Bill: So what’s next?
Monica: Nice shirt. I TOLD you you’d look great in pink.
Bill: I got sauce on it. Damn. Monica, thanks. Let’s go watch that video your publisher made about When We Were the Kennedys, and then get you to your reading, 7:30, Devanney, Doak, and Garrett, Booksellers, right on Broadway in Farmington. And by the way, congrats on making it to Broadway!
[Here’s Monica’s tour schedule thus far. Go see a great reader perform!:
Mon, July 9: TV news show “207” on Maine NBC affiliate stations. 7pm
Tue, July 10: Book launch at Longfellow Books, Portland, ME. 7pm
Thu, July 12: Book talk/signing at Kennebooks, Kennebunk, ME. 7pm
Fri, July 13: Book talk/signing at Devaney, Doak & Garrett, Farmington, ME. 7pm
Sat, July 14: “Books in Boothbay,” Railway Village, Boothbay, ME. 12:30-3:30
Mon, July 16: “Literary New England” radio show. 8:15pm EST
Tue, July 17: Book talk at Falmouth Library, Falmouth, ME. Noon.

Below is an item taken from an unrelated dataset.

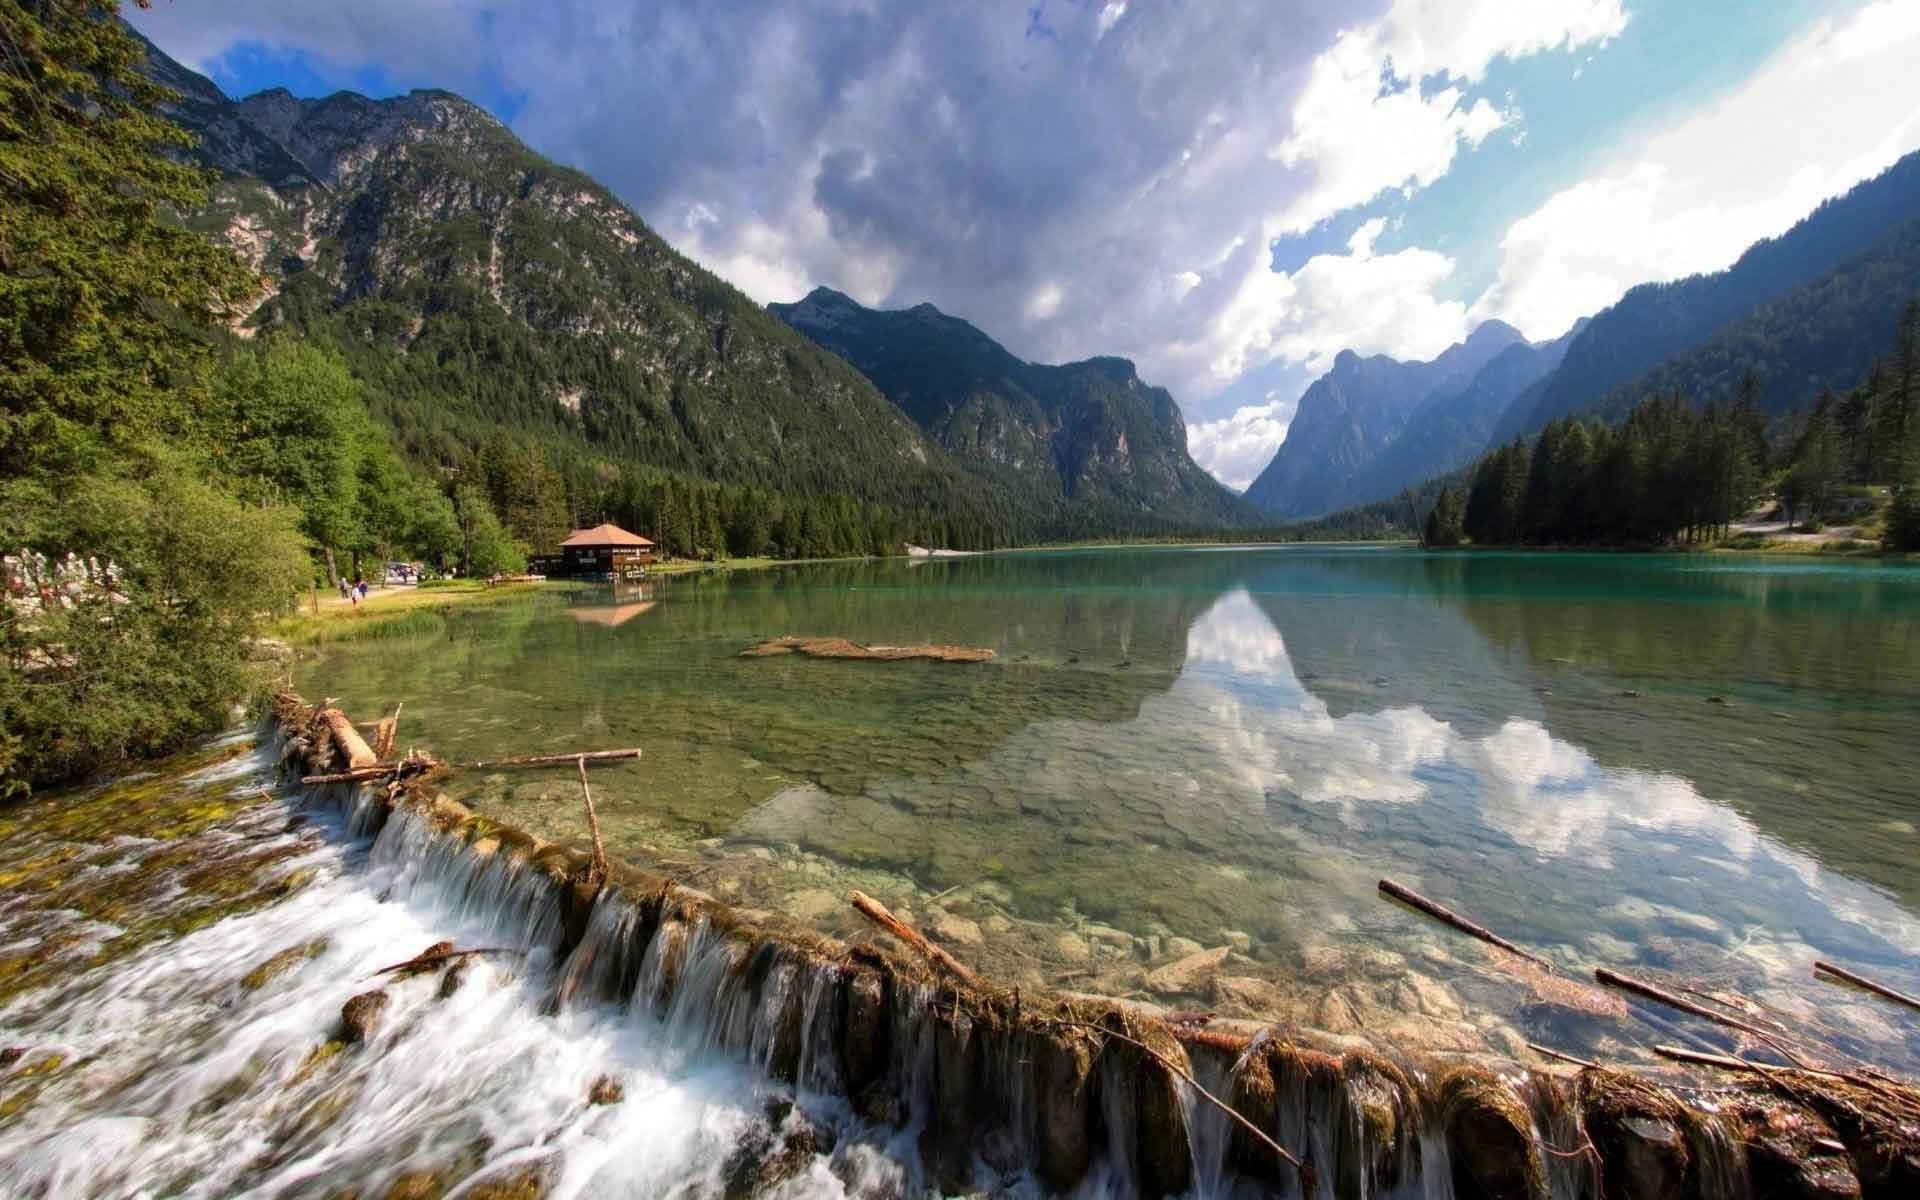 1920x1200 Lakes Lake House Stones Landscape Wood Mountains Cool Nature Desktop Backgrounds

Tue, July 17: Reading at Stonecoast Writers’ Conference. 3:45pm
Wed, July 18: Book talk/signing at Witherle Library, Castine, ME. 7pm
Thu, July 19: Book talk at Skidompha Libary, Damariscotta, ME. 10am
Thu, July 19: Book signing at Maine Coast Books, Damariscotta, ME. 11-2
Tue, July 24: Book talk/signing at River Run Books, Portsmouth, NH. 7pm
Wed, July 25: Book talk/signing at Portland Public Library, Portland, ME. 12 noon
Thu, July 26: Book talk/signing at Union Church, Biddeford Pool, ME. 7:30pm
Fri, July 27: Book talk/signing at Left Bank books, Belfast, ME. 7pm
Sun, July 29: Graves Library, Kennebunkport, ME. 2pm
Aug 7: Book talk/signing, A Great Good Place for Books, Oakland, CA. 7pm
Aug 8: Store visit, Book Passage, Corte Madera, CA. Noon.
Aug 8: Book talk/signing, Copperfield’s, Santa Rosa, CA. 6pm
Aug 9: Book talk/signing, Books Inc, Berkeley, CA. 7pm
Aug 14: Book talk/signing, Politics & Prose, Washington, DC. 7pm
Aug 26 – Sept 1: Memoir workshop at Haystack Mountain School for the Arts. (FMI go to haystack-mtn.org)
Sept 6: “Meet the Author” talk. Darien Library, Darien, CT. 7pm
Sept 19: Book talk at Rumford Historical Society, Rumford, ME. 7pm]
I’m back
What a charming talk–lively and informational. And, of course, funny. Bill and Monica seem to take inspiration from the same Muse.
Love it, and can’t wait to read the memoir. It’s interesting how switching to nonfiction was such a learning curve for you, Monica, after all your experience. It sounds like you had to feel you’d earned the right to use all your craft, bring it to bear, on your own true story.
Yes, Richard. I think it was about “earning” the right to tell my own story. I had the experience, but not the confidence.
Bill, you are deary-dear. And I don’t believe for one second that you bought a pink shirt.
yellow?
Bill, please. Yellow would be your worst color.